El trabajo pedagógico es solo un ejemplo, lo que quiero decir es que cualquier trabajo parece incompatible con el hecho de escribir, pero qué hacer si alguien tiene familia que mantener y deudas, muchas deudas, pero igual necesita escribir. En fin, el soltero Fernando Pessoa trabajó toda su vida en un puesto de funcionario oscuro, un puesto que nada tenía que ver con la literatura. Luego de su trabajo escribía, o sea, vivía. Otro gran trabajador fue Bukowski (el narrador del patio trasero del imperio), por lo menos de eso se jactaba en sus textos, trabajador de empleos menores, siempre luchando por escribir a pesar de todo decía en algu-nos de sus poemas que si alguien quería escribir lo haría aunque trabajara 14 horas y no tuviera ni una mesa en su casa. Parra trabajó toda su vida de profesor. Si tomamos estos casos, entonces aún tenemos una esperanza.

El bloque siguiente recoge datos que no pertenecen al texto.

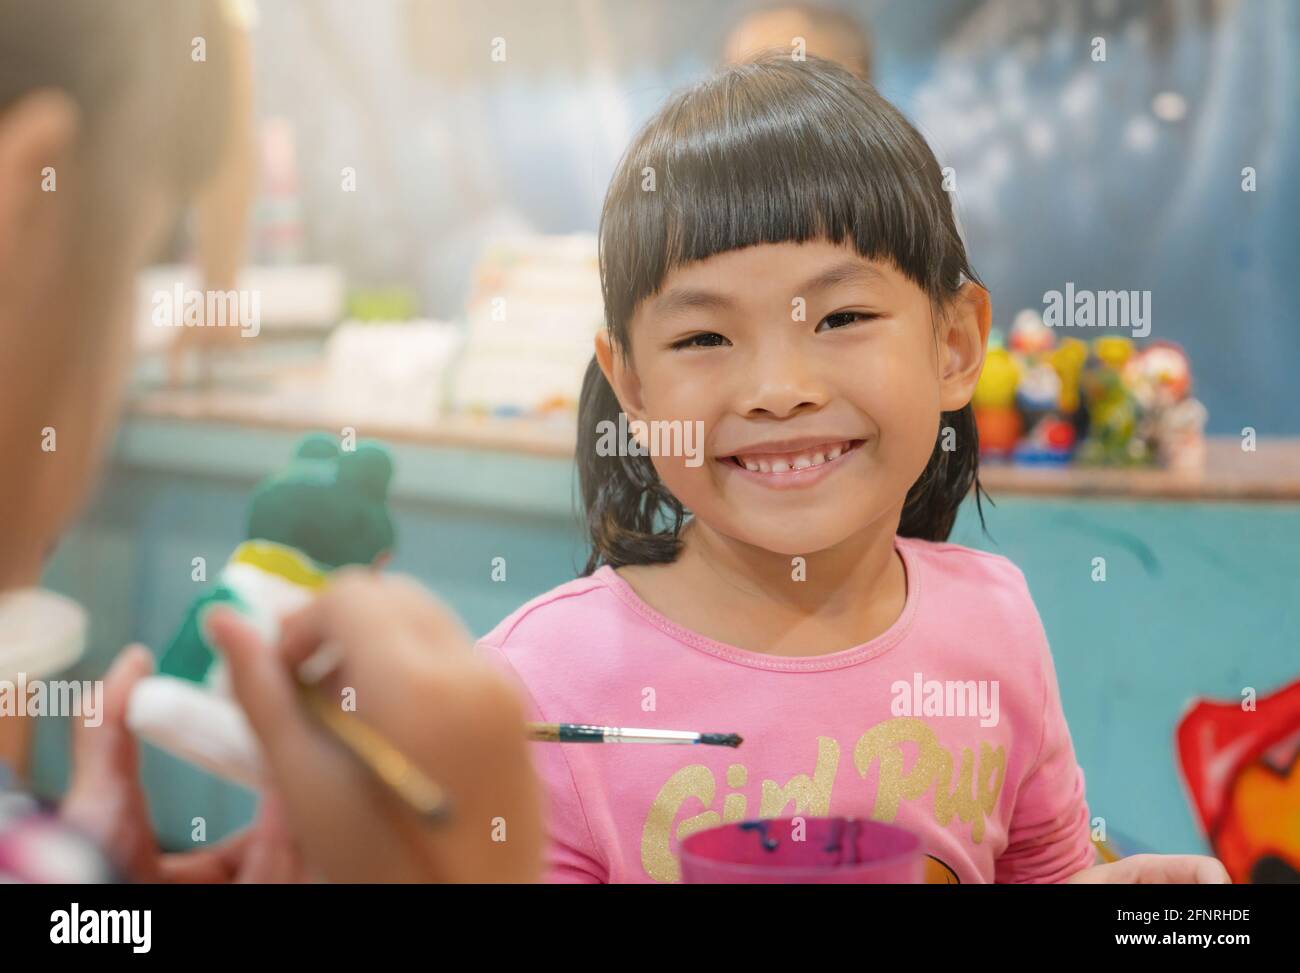 Retrato niña asiática en el taller de arte, cara feliz y sonriente, hermosa sonrisa, cara linda con pelo negro, y bang. Primer plano de clase borroso. Foto de stock

Porque si huyendo de la indigencia, el escritor ha decido tener un empleo con imposiciones y seguro de salud (si es que tiene suerte y no está contratado a honorarios de marzo a diciembre), pues tiene familia e hijos que mantener y aun-que deba escuchar a su mujer por las noches, hablándole pestes de su propio trabajo o cansado de todo, vegete frente a las noticias de la televisión, antes de dormir, a pesar de todo si ese escritor quiere escribir, esto dejará de ser una utopía.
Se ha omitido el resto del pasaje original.